Калачова понесло, он чешет ватным языком, не умолкая:

—    ...«Вовнутрь открывается» — это хорошо. Сказал Господь Бог и открыл дверь наружу. Нет, у нас в Германии всё не так. У нас — айнунтцванцихь фирунтзипцихь!

— лучше в руке синица, чем под кроватью «утка». Сказал один древний перс. В Персии утки водятся? Смотри — у меня рука к поручню примёрзла! Я вчера был на презентации Джойса, это психиатр известный, он себе обрезание сделал, чтобы смоделировать синдром Ван Гога, не привлекая лишнего внимания. Ну, ты понимаешь. После презентации хожу, мучаюсь в ожидании угощения. Подскакивает какая-то администраторша: «Ну вы едете или нет?!” — мне.

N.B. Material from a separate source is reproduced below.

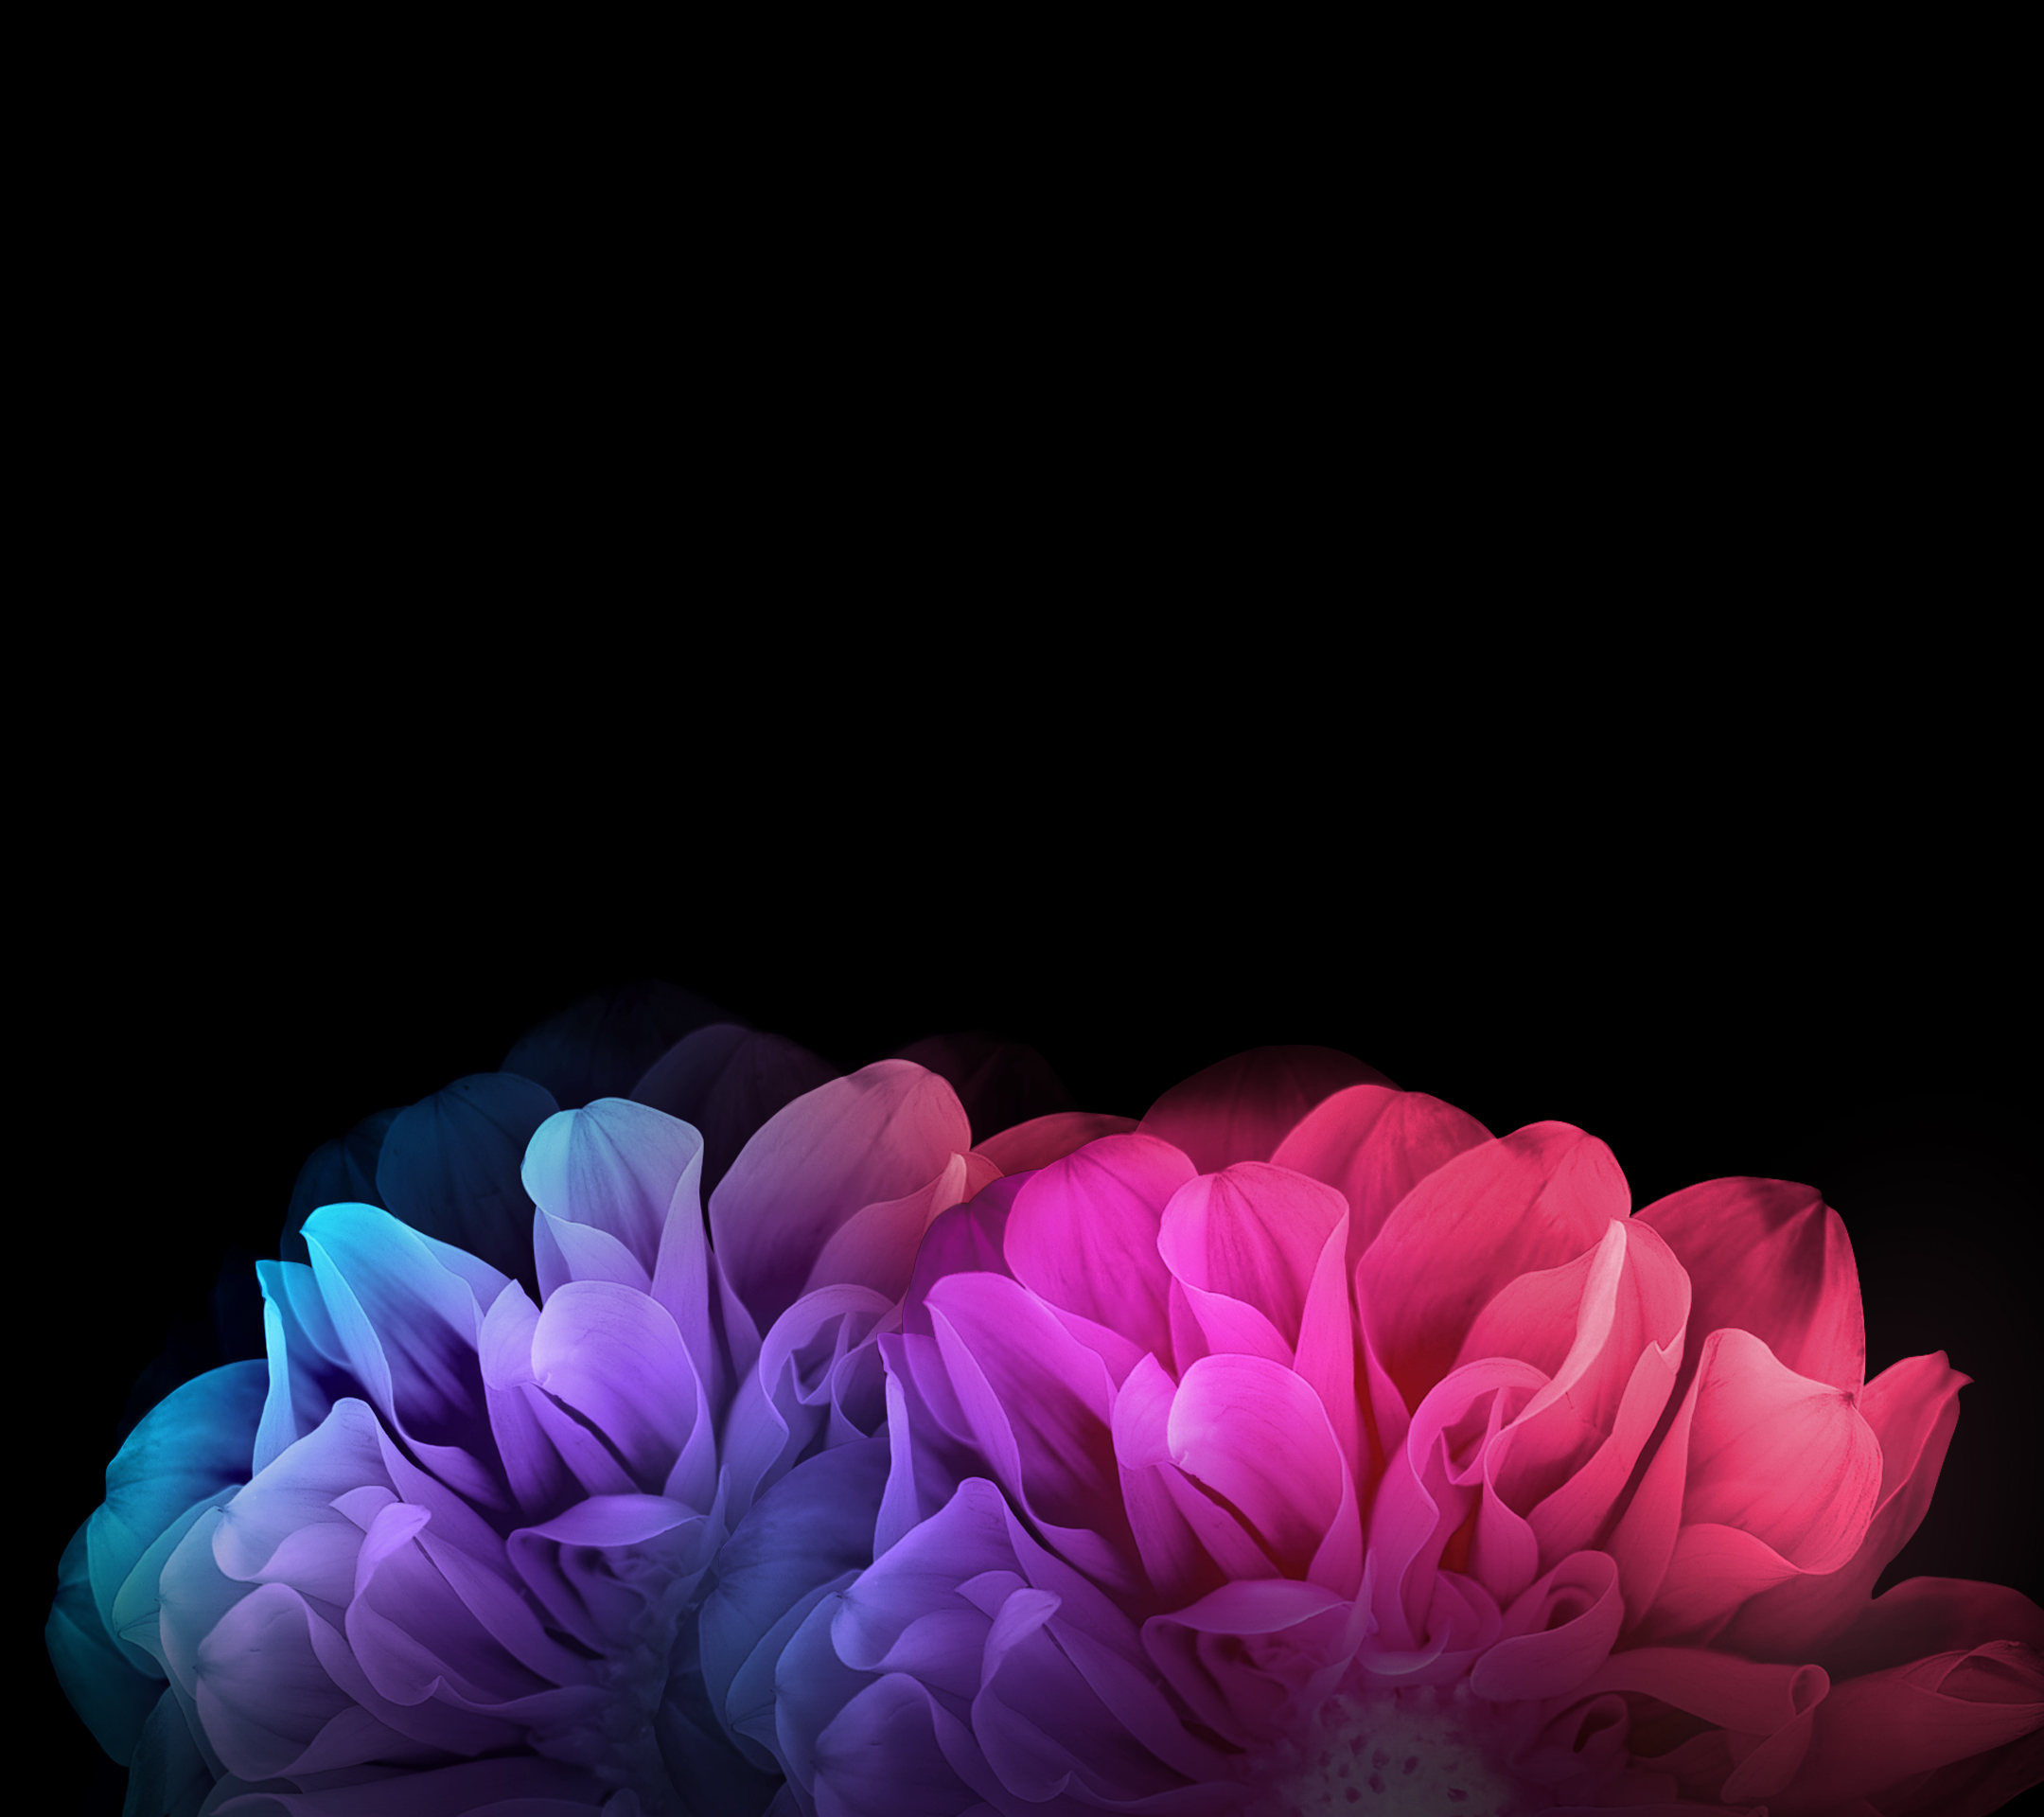 Download the LG G Flex 2 wallpapers for your Android | AndroidGuys

Я: «Конечно! Давно пора». Она: «Слава Богу! Хоть один здравомыслящий человек остался», — это она мне говорит. Я сразу подрос на вершок, а она дальше: «Я беру билеты на 22-30. Где все ваши?». Я смотрю на неё вот так. А она: «О Господи, это Голгофа!». Чё к чему? Нет, Аринка, ты можешь мне объяснить? Хватает меня, голодного, суёт в тачку, везёт на Казанский вокзал и сажает в поезд к психитрам. Полный поезд психиатров! Прикинь, какой шизняк они там устроили. Ещё поезд от перрона не отошёл — я уже был сыт, пьян и почти кандидатскую защитил. Как это... Синкопы ассоциативного ряда слаборефлексирующего бомжа в режиме разнузданного гусарства. Овации — еле ушёл. Спрыгнул где-то возле Агрыза. Это какой город?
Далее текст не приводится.